Following Miss D’s offer being accepted and the memorandum of sale issued, her solicitor informed her that the tenure of the property was not freehold and was in fact a shared ownership leasehold property. Miss D subsequently withdrew from the transaction and alleged that the Agent had misdescribed the property as being freehold.
The property itself had been recently repossessed by the corporate seller client who had gained possession but, of course, had never lived there. The sale particulars were produced which stated that the tenure was “Freehold, Leasehold or Commonhold” and that “it is important that prospective purchasers seek confirmation from their solicitors regarding the tenure”. It was apparent that the Agent had not made any enquiries about the title and had not been aware that ownership of the property was shared between the seller and another company, until the seller informed them after sale had been agreed with Miss D. However, I observed that Agent was marketing a similar property on the same road which was described as ‘shared ownership’.
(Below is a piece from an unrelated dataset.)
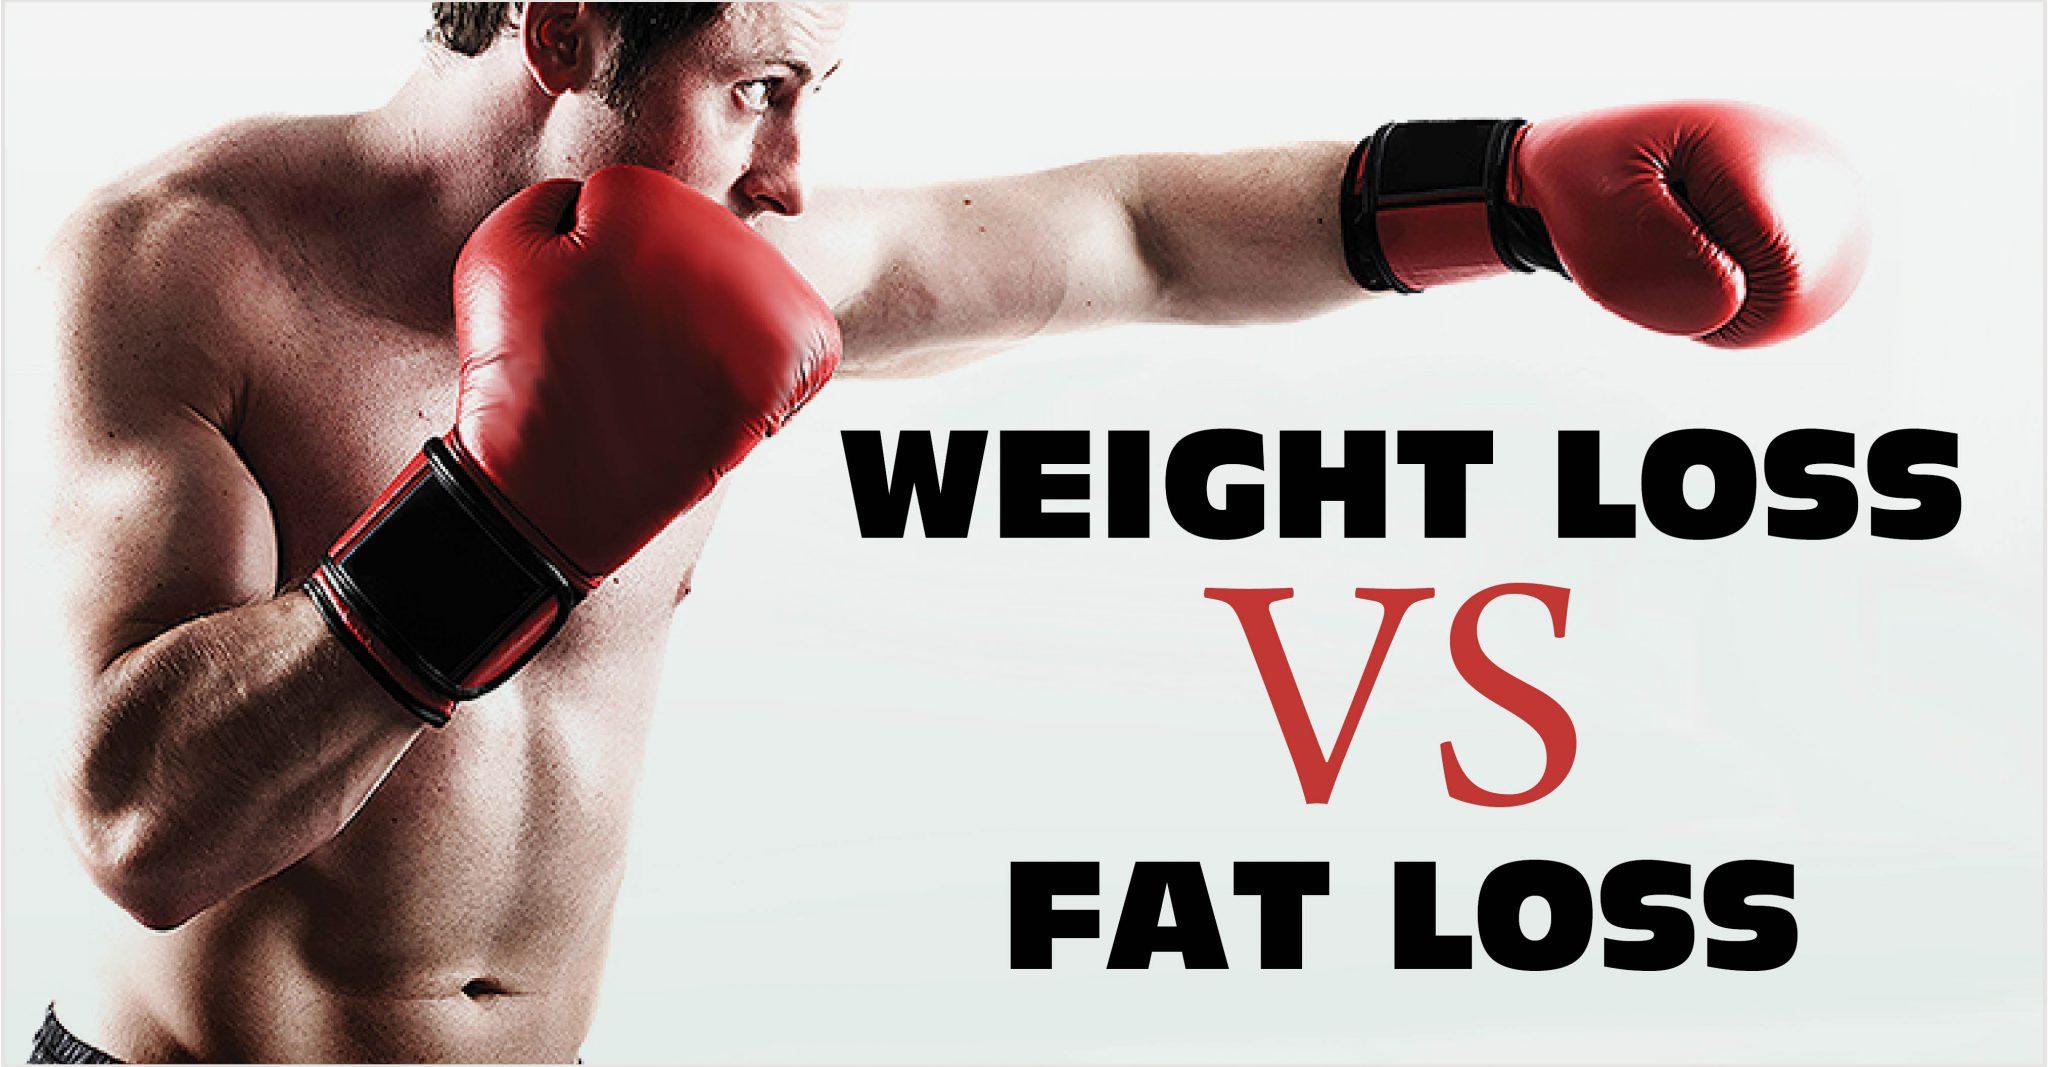 Cum pot să-mi pierd greutatea cu ușurință, Pierzi în greutate într-un mod sănătos și simplu!
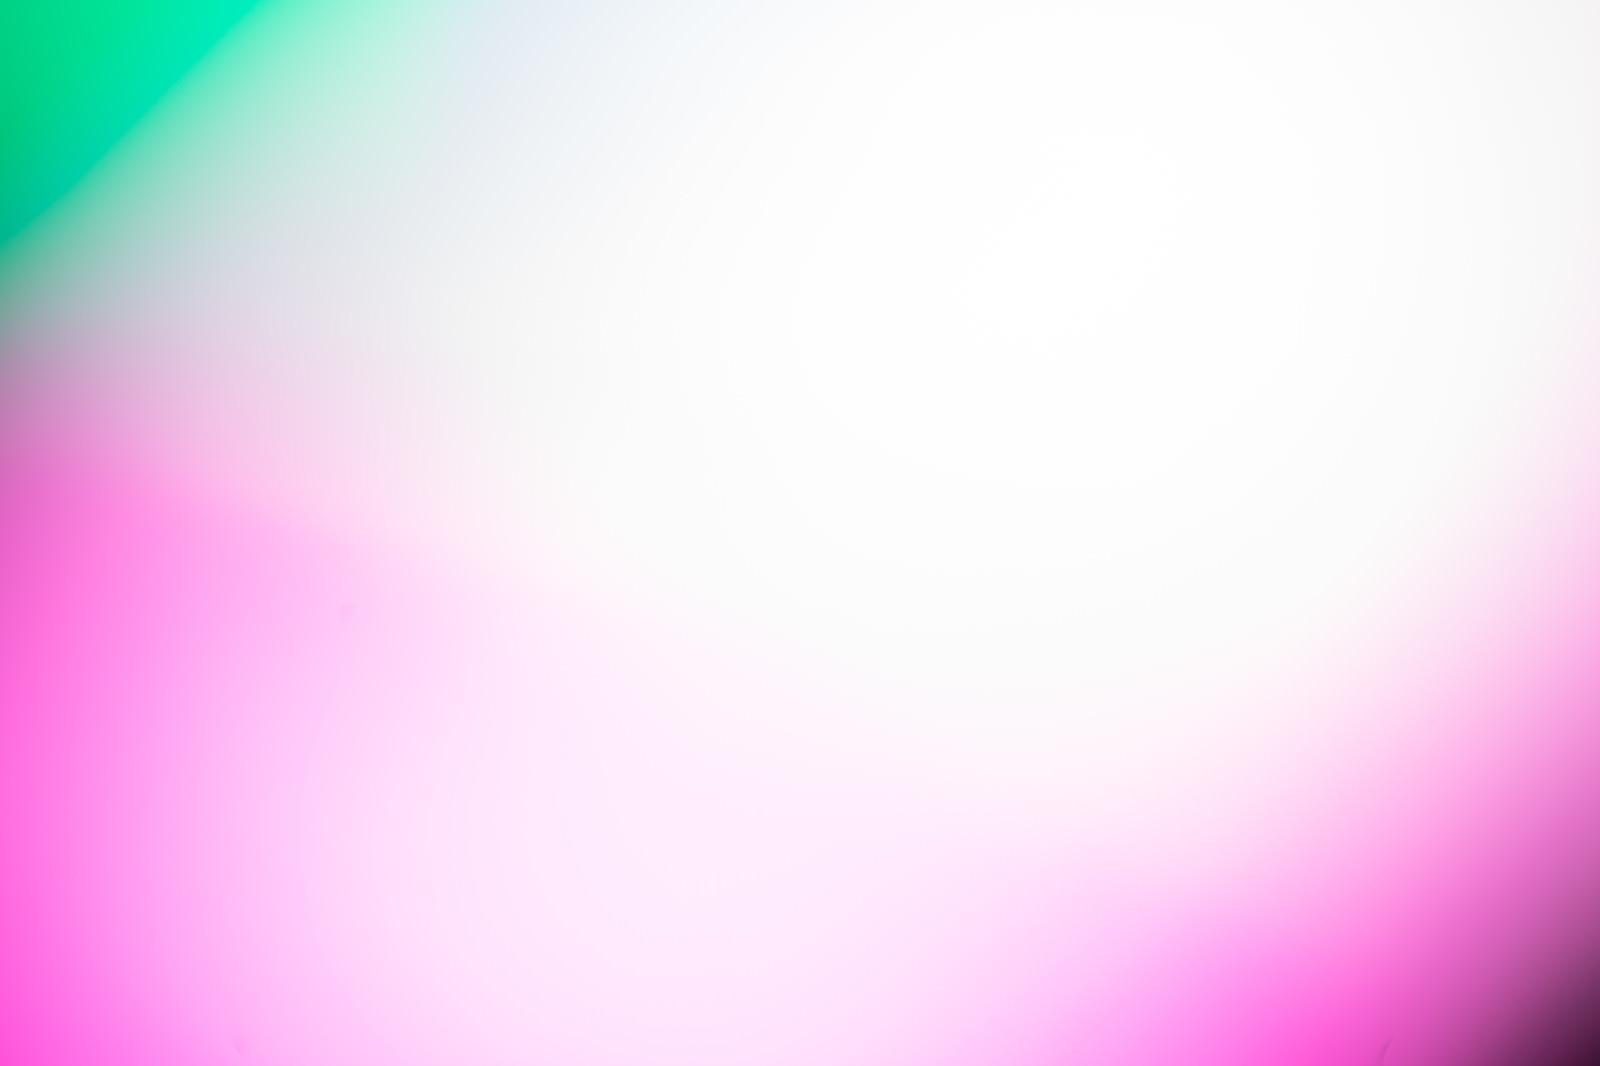 「ピンク・パープルの目立つ背景」

Under the CPRs the Agent was required to provide Miss D with material information that she needed to make an informed transactional decision about the property. Accordingly, I would have expected the Agent to have made some enquiries about the title before marketing the property. The fact that it was a repossession property and that the Agent was marketing an almost identical property on the same road that was advertised as shared ownership, should have prompted them to make more enquiries about the title. In addition, I considered that the Agent’s obligation to check the property’s title was stronger, given that the seller was likely to know less information than the average seller-occupant, as they had never lived there. To that end I considered that the Agent had mis-described the property and supported the complaint. In making an award, I took into account that the tenure of the property is something that I would have expected to have been investigated by Miss D’s solicitor in any event. I also took into account that, as soon as the Agent discovered the issue with title, they immediately informed Miss D and tried to resolve the situation. I made an award of £200 for avoidable distress, aggravation and inconvenience.
It is not acceptable to use statements or disclaimers intended to encompass all possibilities when information is known that should put an agent on notice that such a statement may be inappropriate, especially given the requirement for material information to be divulged under the CPRs.